Allen noted that child custody support laws encourage divorce especially among high-earning single income families. Divorce rates have risen 10 per cent in that group.
Most people view marriage as the formalization of a loving relationship, what Allen called the "good intentions theory of marriage." He argued love does not build the institution; instead the institution builds the love.
All the legal benefits of marriage now go to cohabiting couples as well, he said, noting most people want all the benefits of marriage but none of the costs. Marriage is associated with fertility, and its erosion has created a "huge demographic crisis."
Low fertility
"Canada has one of the lowest fertility rates in the Western world," he said.
He and others at the conference argued for policies such as income splitting - allowing members of single-breadwinner couples to each be taxed at a lower rate than that now paid by one higher earner.
While Allen stressed the need for constraints, keynote speaker David Blankenhorn described human beings as "pair-bonding creatures" with a deep, natural desire to love and be loved that is embedded in our natures.
Marriage is an imperfect response to these deep longings that helps flawed human beings "to be the best we can be," he said. Marriage has been trivialized, shrunk and miniaturized. Instead, marriage needs to be recognized as an institution that shows us "who we really are as people, and who we want to be as people."
Progressive family policy
Blankenhorn, president of the Institute for American Values, described Canada as "on the cutting edge" of progressive family policy that sees marriage as a public recognition of a private relationship defined by the couple themselves. Children are left out of this definition of marriage, he said.

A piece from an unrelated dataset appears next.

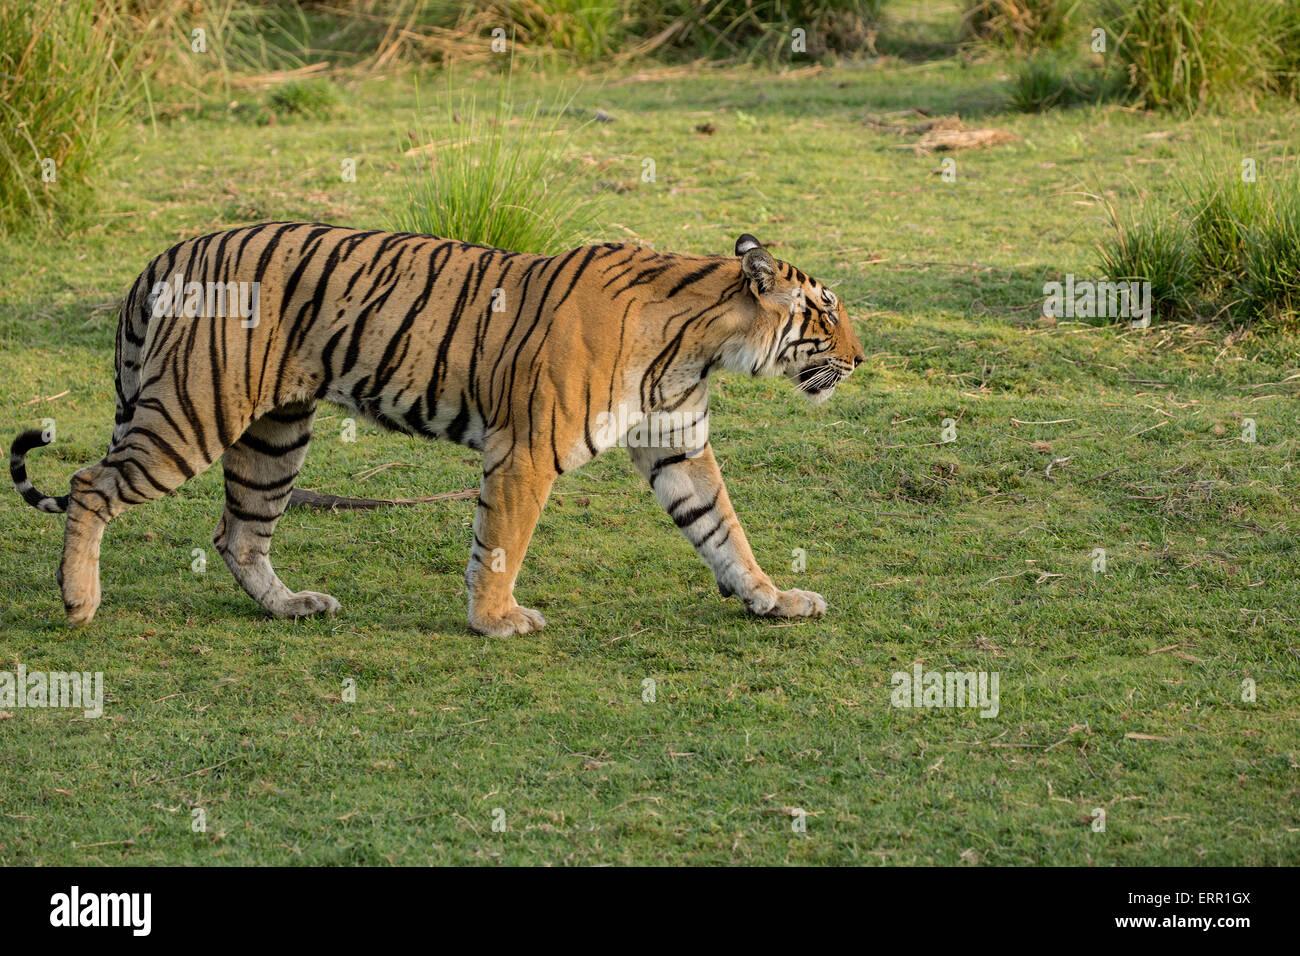 A tiger walks in lush green grass Stock Photo

Marriage is a preventive, he said, and even a modest decline in the divorce rate will have major implications in the future lives of children.
Acton Institute economist Jennifer Roback Morse outlined research from hundreds of studies that show cohabiting couples fare far worse than married couples and so do children living in those relationships. A common-law partner is nine times more likely to be killed by their partner. A child is 50 times more likely to die of injuries when living with an unrelated adult than when living with his biological parents.
Child=co-operation
In a marriage, a child becomes a source of co-operation for the couple. In cohabitation, the child is often perceived as an obstacle - someone "in the way," Morse said.